If I have a flatMap-compatible function f:A->List[B] and a List[A] I can use flatMap to produce the List[B]. I suppose that this list concatenation is done efficiently. I.e., I hope the flatMap implementation does not keep searching the list for the end on each iteration, but rather somehow keeps a pointer to “almost” the end.
I’d like to build a list in sort of the same way. I have a recursive function which takes two lists, and on each iteration (depending on program logic) either advances one list or the other list or both, and on each iteration I want to “contribute” another (possibly empty) list of elements which get appended.
Currently I’m using accumlatedList ++ listOfNewLements each time. I could rewrite this to just cons up the lists in reverse order and finally do a reverse and flatten. But is there a better way?
What I envision is a cousin of flatMap where the client function both returns the new list to efficiently append, but also returns the List for the next iteration. The iteration would continue until List() is returned as that component. This is more or less the pattern of tail-recursion.
Here is an implementation for Seq to sort of show what I mean.
def flatMapDIY[A,B](in:Seq[A],zero:Seq[A],f:M[A]=>(Seq[A],Seq[B])):Seq[B] = {
def again(in:Seq[A],acc:Seq[B]):Seq[B] = {
val (next,incremental) = f(in)
if (next == zero)
acc ++ incremental
else
// I would like to do this as flatMap does,
// rather than searching for the end of the sequence each time.
again(next,acc++incremental)
}
again(in,Seq[B]())
}
def flatMapDIY[M,B](in:M,zero:M,f:M=>(M,Seq[B])):Seq[B] = {
def again(in:M,acc:Seq[B]):Seq[B] = {
val (next,incremental) = f(in)
if (next == zero)
acc ++ incremental
else
// I would like to do this as flatMap does,
// rather than searching for the end of the sequence each time.
again(next,acc++incremental)
}
again(in,Seq[B]())
}
The flatMap implementation in the standard library relies on mutability to be fast. But as it does so by using a mutable next field in cons, which is private to the scala package, you can not use the same approach, but may be able to use another mutable collection internally and then converting to a list.
Another possibility is to use a data structure, which has fast concatenation, e.g. Chain from Cats, and then converting to a List in the end (which should be linear for most data structures).

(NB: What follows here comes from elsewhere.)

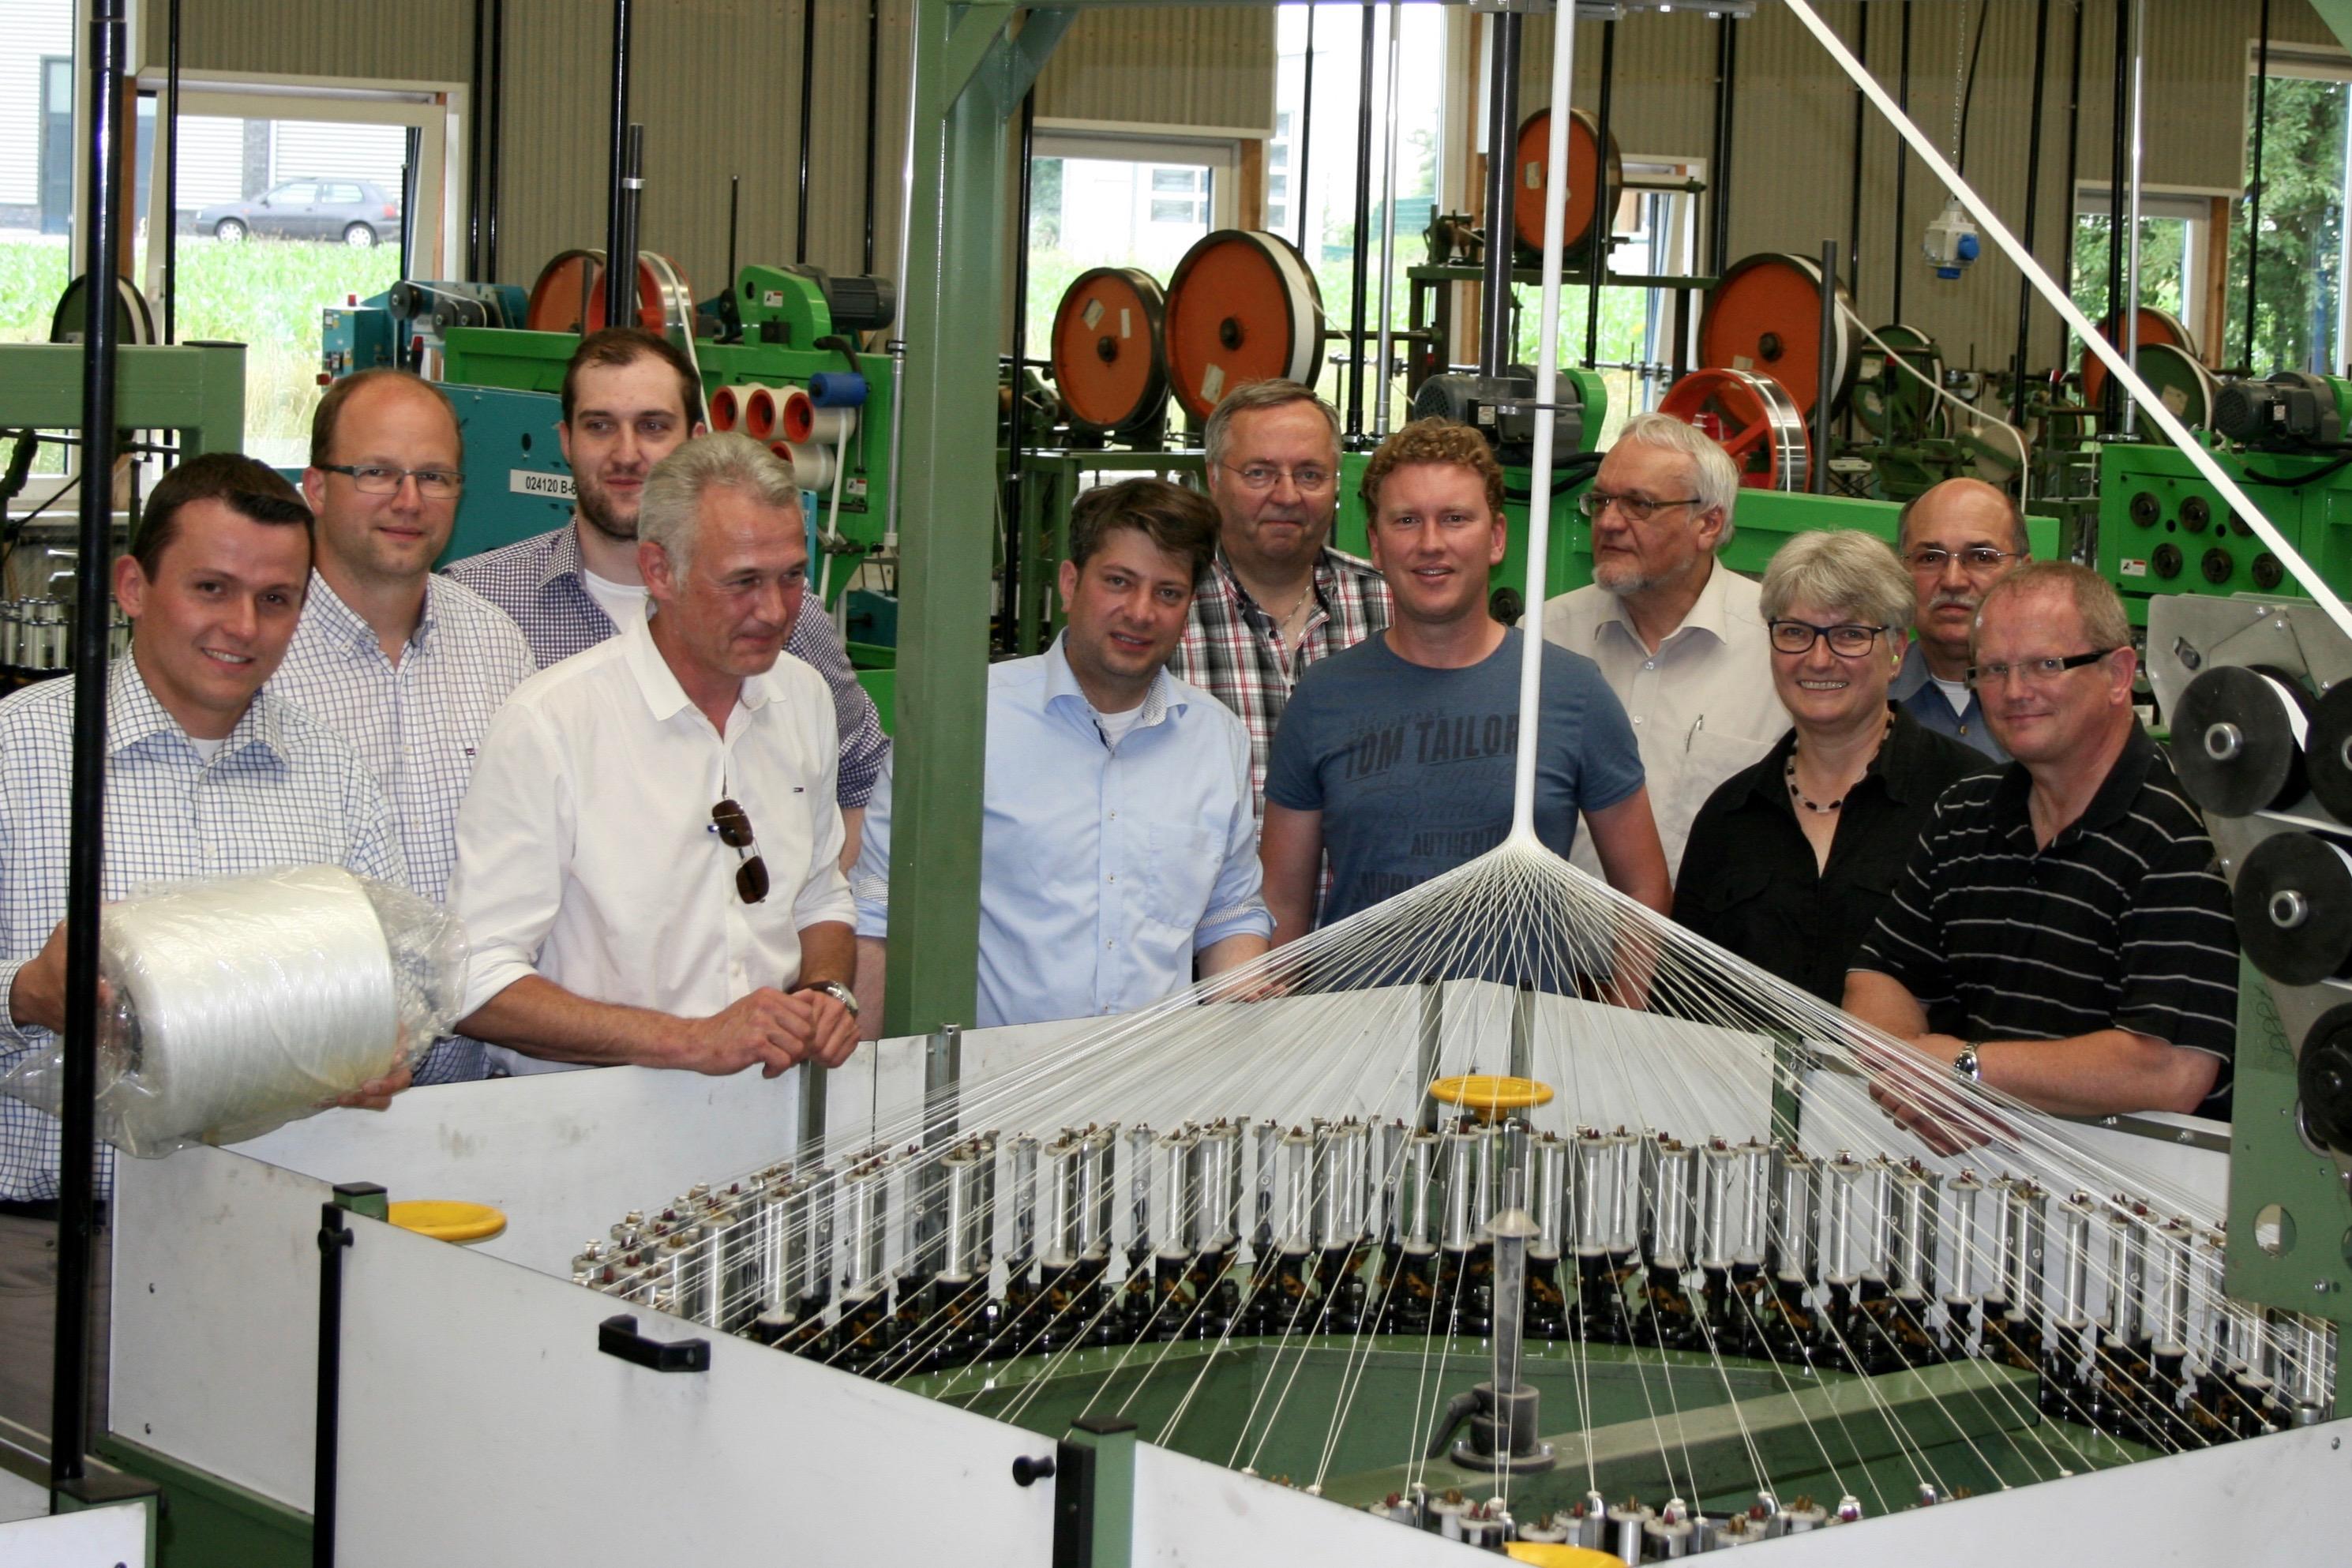 Rundgang durch die Produktionshallen der Firma Culimeta in Bersenbrück durch den Kreisvorstand der CDU Osnabrück-Land. Foto: Deters

You can use a mutable.ListBuffer internally and call .toList in the end. It exploits the same hidden mutability. It’s explicitly intended to be used as a builder for List.
Here’s what I ended up with. It accumulates the elements that need to be flatMapped together,
and then at the end flatMaps them, just using a call to flatten. I am supposing that one call to flatten is faster than a bunch of calls to ++ on ever-loner sequences
If you have a .reverse and .flatten you are going to have .isEmpty which would mean you won’t need to supply zero.

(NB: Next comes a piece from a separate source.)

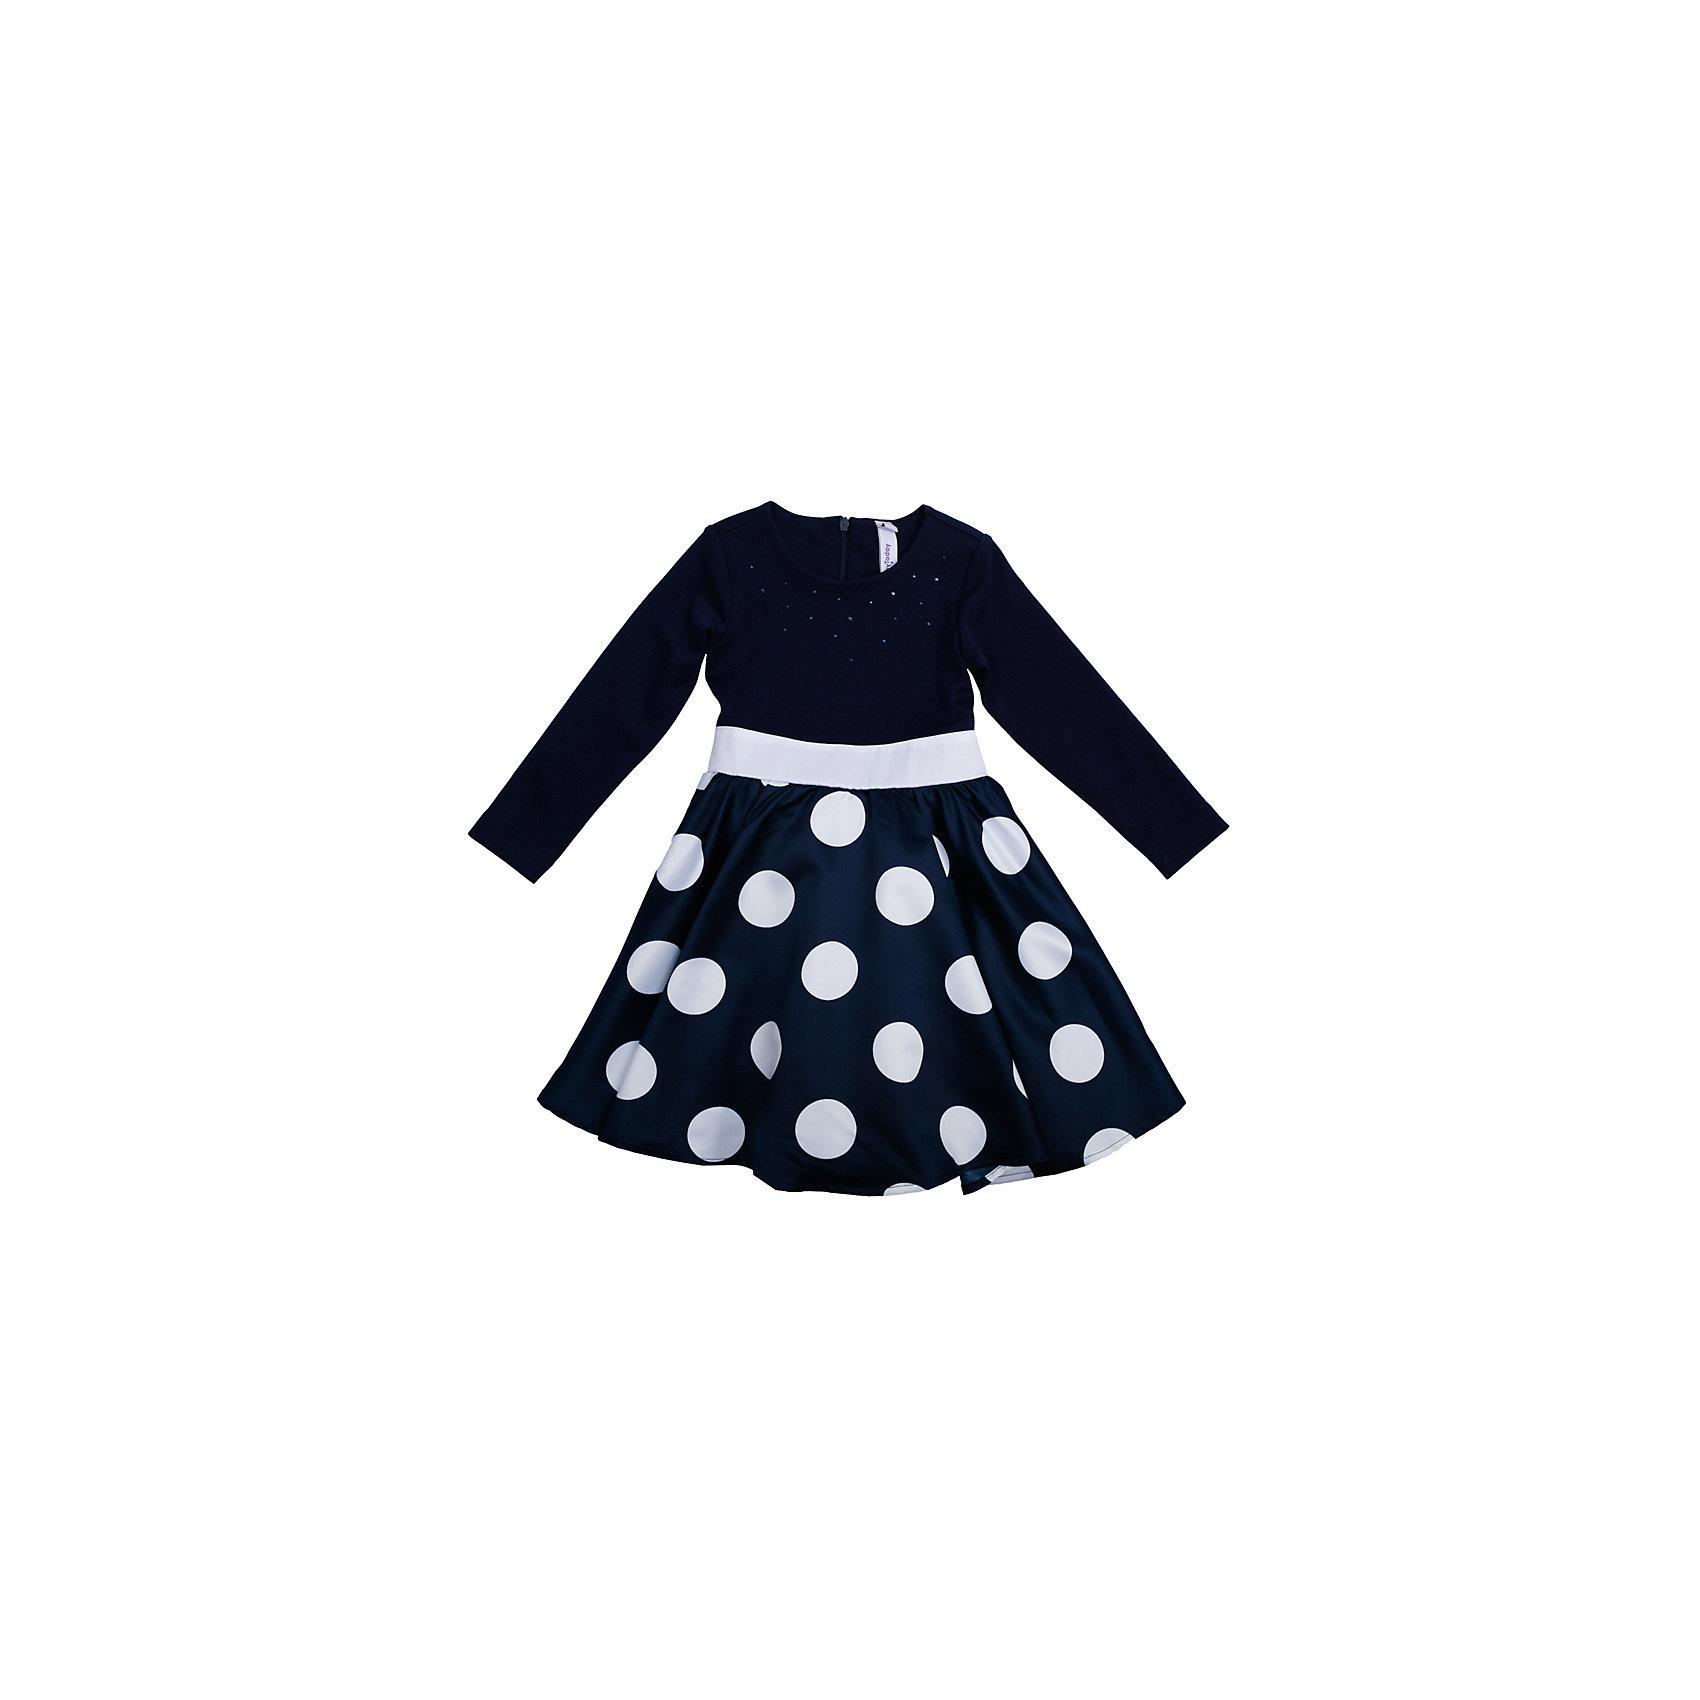 Нарядное платье для девочки PlayTodayОдежда<br>Платье для девочки от известного бренда PlayToday.<br>Платье с длинными рукавами.<br><br>Украшено женственным принтом в крупный горох, объемным белым цветком и россыпью страз.<br><br>Верх из легкой вискозы, чтобы ребенку не было жарко на празднике. Пышная юбка дополнена сетчатой подкладкой для объема. Застегивается на потайную молнию на спине.<br>Состав:<br>Верх: 66% вискоза, 29% полиэстер, 5% эластан, Юбка: 100% полиэстер, Подкладка: 100% хлопок<br><br>Ширина мм: 236<br>Глубина мм: 16<br>Высота мм: 184<br>Вес г: 177<br>Цвет: синий<br>Возраст от месяцев: 36<br>Возраст до месяцев: 48<br>Пол: Женский<br>Возраст: Детский<br>Размер: 104,122,128,110,116,98<br>SKU: 5113819

This reminds me a lot of Iterator.unfold (2.13) in which you supply some init state and a function that acts on the state returning Some(item, newState) or None if there is no further processing. The result is an Iterator[Item]. So something like
Iterator.unfold(init){ in =>
if (in.isEmpty) None else f(in)
}
.map(_.iterator)
.flatten
.toSeq // .toWhatever
where your f is modified to return Option[(IncrementalType, Next)]

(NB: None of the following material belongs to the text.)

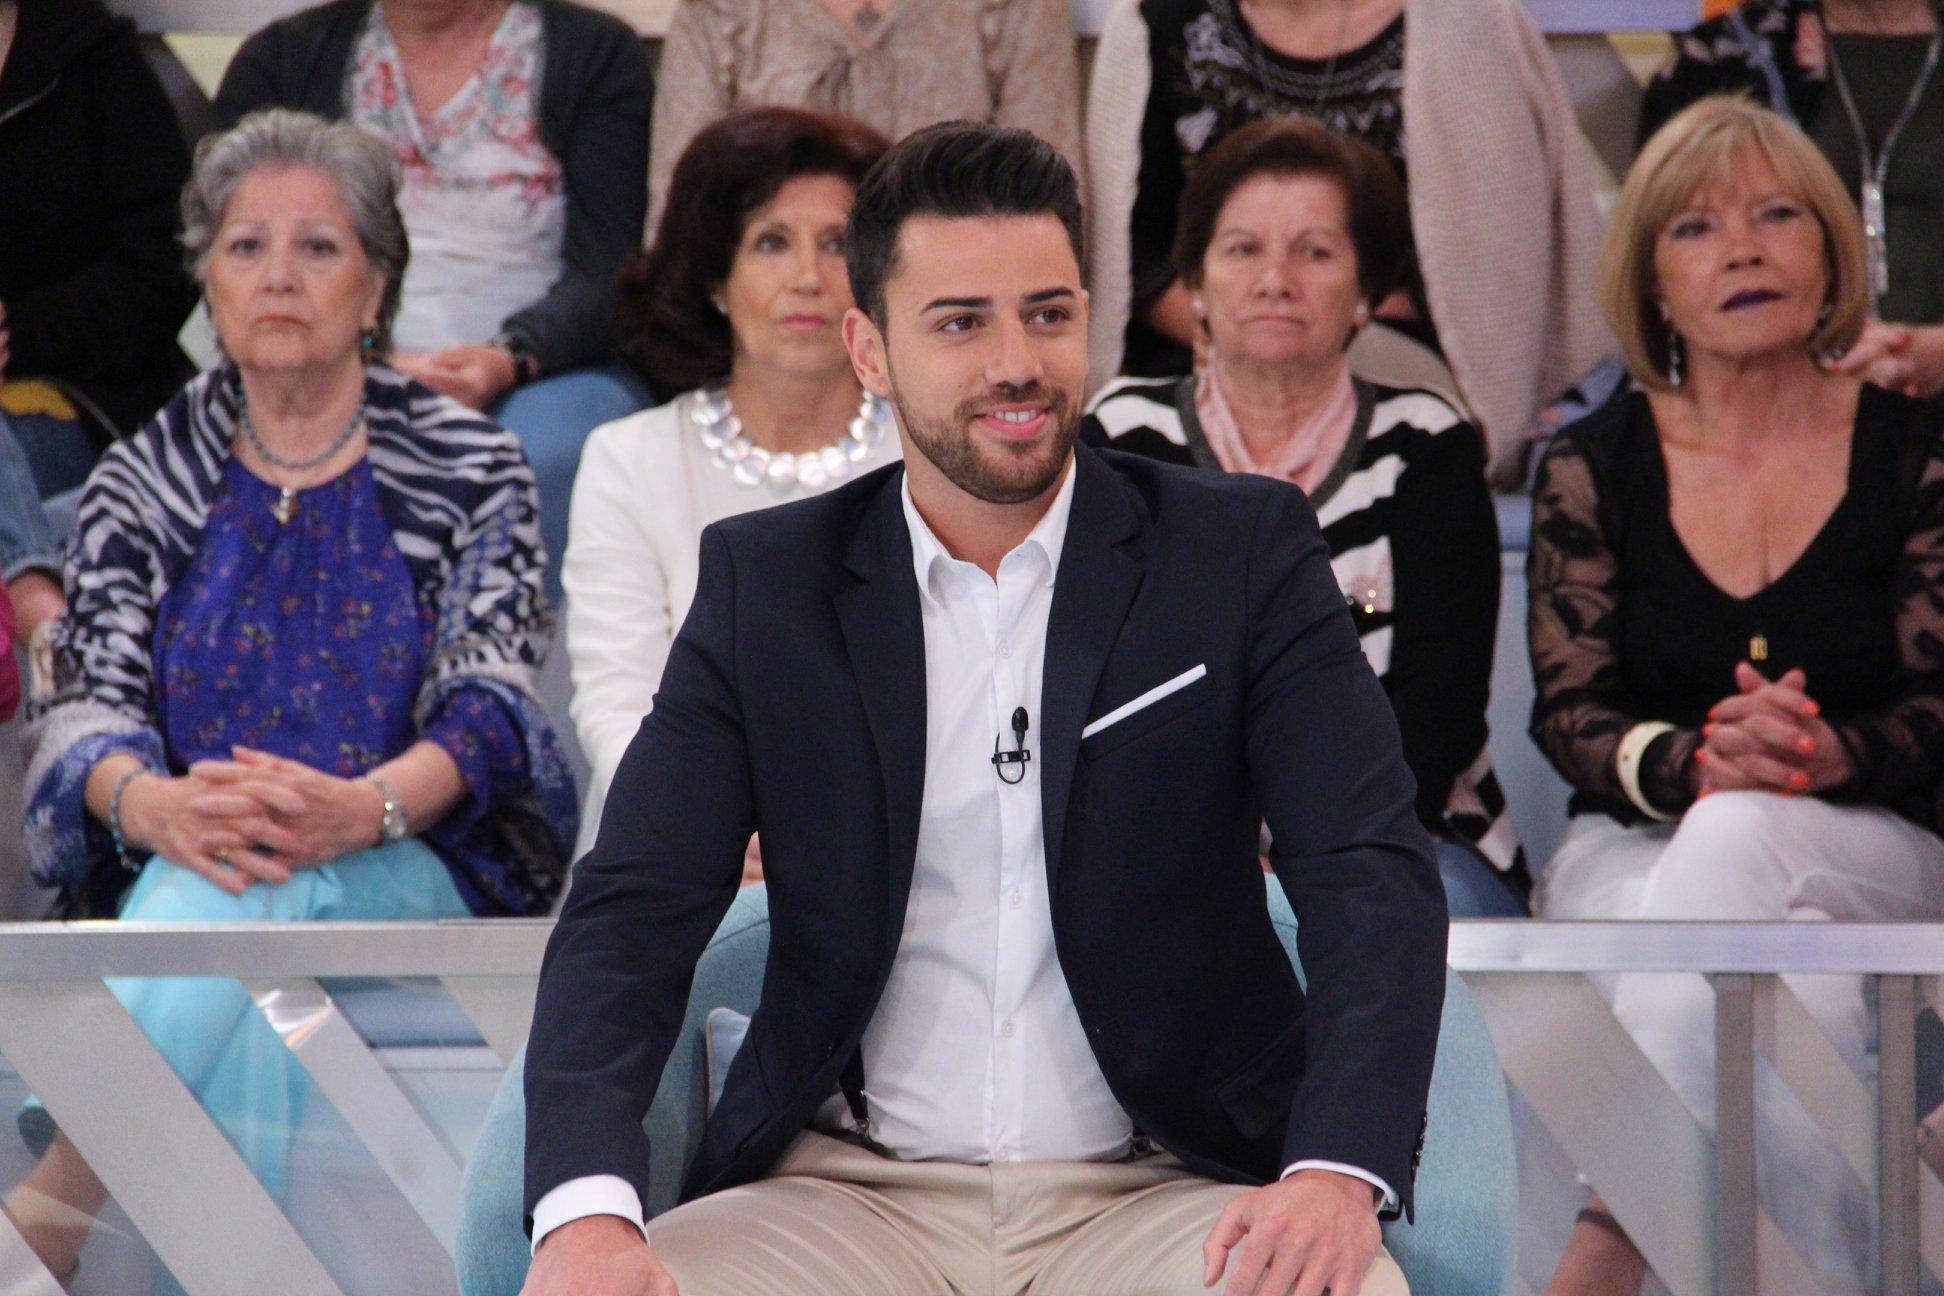 Casa Dos Segredos Rui Voce Na Tv Rui Esteve No «Você Na Tv» E Goucha Revelou «Gabriela É Alguém Que Precisa De Ajuda»

The motivating example here was to merge two pre-sorted. On each iteration I look at the head of the two lists. (head1::tail1, head2:;tail2) Whichever head is smaller I collect that one, and advance that list by passing tail to the next iteration. If (head1 < head2) then collect head1 and return (tail1,list2) otherwise collect head2 and return (list1,tail2). Plus some cases for if one list is exhausted before the other. As you pointed out, we need a way to denote that we’re finished iterating. But (Nil,Nil) is not empty. Right? That’s why I use a given zero value.